I have a regular keras model called e and I would like to compare its output for both y_pred and y_true in my custom loss function.

from keras import backend as K
def custom_loss(y_true, y_pred):
    return K.mean(K.square(e.predict(y_pred)-e.predict(y_true)), axis=-1)

I am getting the error: AttributeError: 'Tensor' object has no attribute 'ndim' This is because y_true and y_pred are both tensor object and keras.model.predict expects to be passed a numpy.array.

Any idea how I may succeed in using my keras.model in my custom loss function?

I am open to getting the output of a specified layer if need be or to converting my keras.model to a tf.estimator object (or anything else).

回答1:

First, let's try to understand the error message you're getting:

AttributeError: 'Tensor' object has no attribute 'ndim'

Let's take a look at the Keras documentation and find the predict method of Keras model. We can see the description of the function parameters:

x: the input data, as a Numpy array.

So, the model is trying to get a ndims property of a numpy array, because it expects an array as input. On other hand, the custom loss function of the Keras framework gets tensors as inputs. So, don't write any python code inside it - it will never be executed during evaluation. This function is just called to construct the computational graph.

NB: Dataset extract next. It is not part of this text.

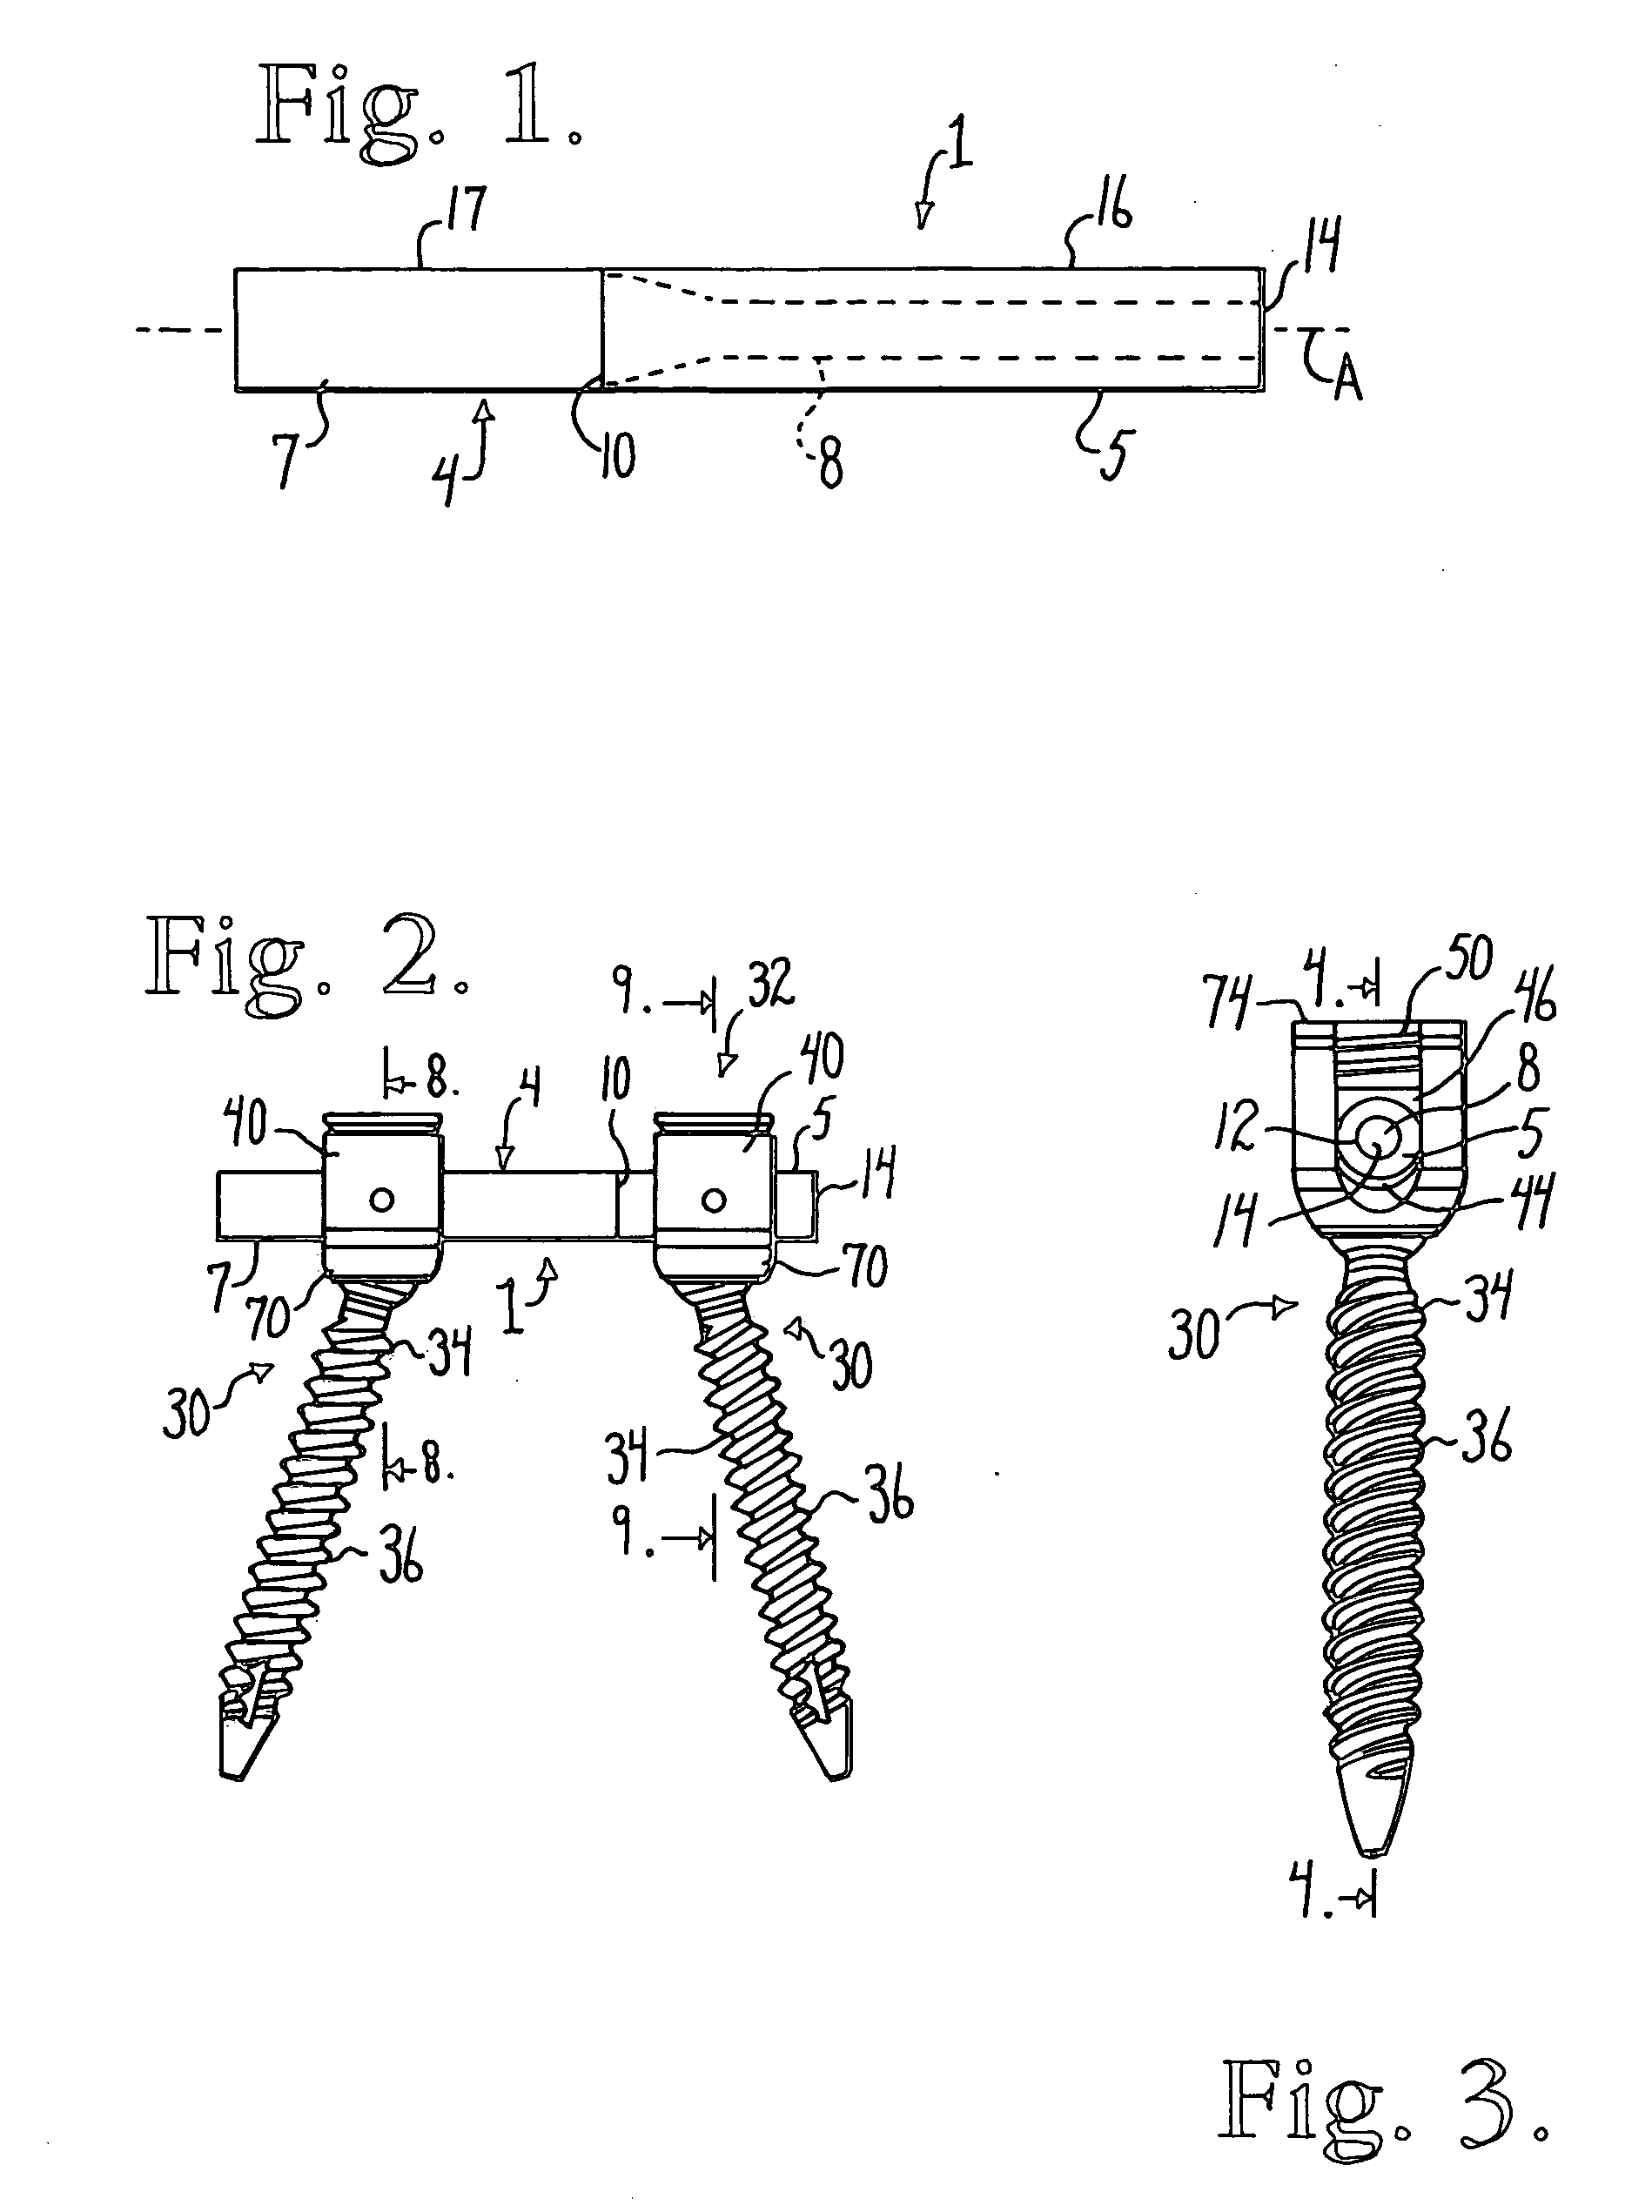 Elastic covered dynamic stabilization connector and assembly

Okay, now that we found out the meaning behind that error message, how can we use a Keras model inside custom loss function? Simple! We just need to get the evaluation graph of the model. Try something like this:

def custom_loss(y_true, y_pred):
    # Your model exists in global scope
    global e

    # Get the layers of your model
    layers = [l for l in e.layers]

    # Construct a graph to evaluate your other model on y_pred
    eval_pred = y_pred
    for i in range(len(layers)):
        eval_pred = layers[i](eval_pred)

    # Construct a graph to evaluate your other model on y_true
    eval_true = y_true
    for i in range(len(layers)):
        eval_true = layers[i](eval_true)

    # Now do what you wanted to do with outputs.
    # Note that we are not returning the values, but a tensor.
    return K.mean(K.square(eval_pred - eval_true), axis=-1)

Please note that the code above is not tested. However, the general idea will stay the same regardless of the implementation: you need to construct a graph, in which the y_true and y_pred will flow through it to the final operations.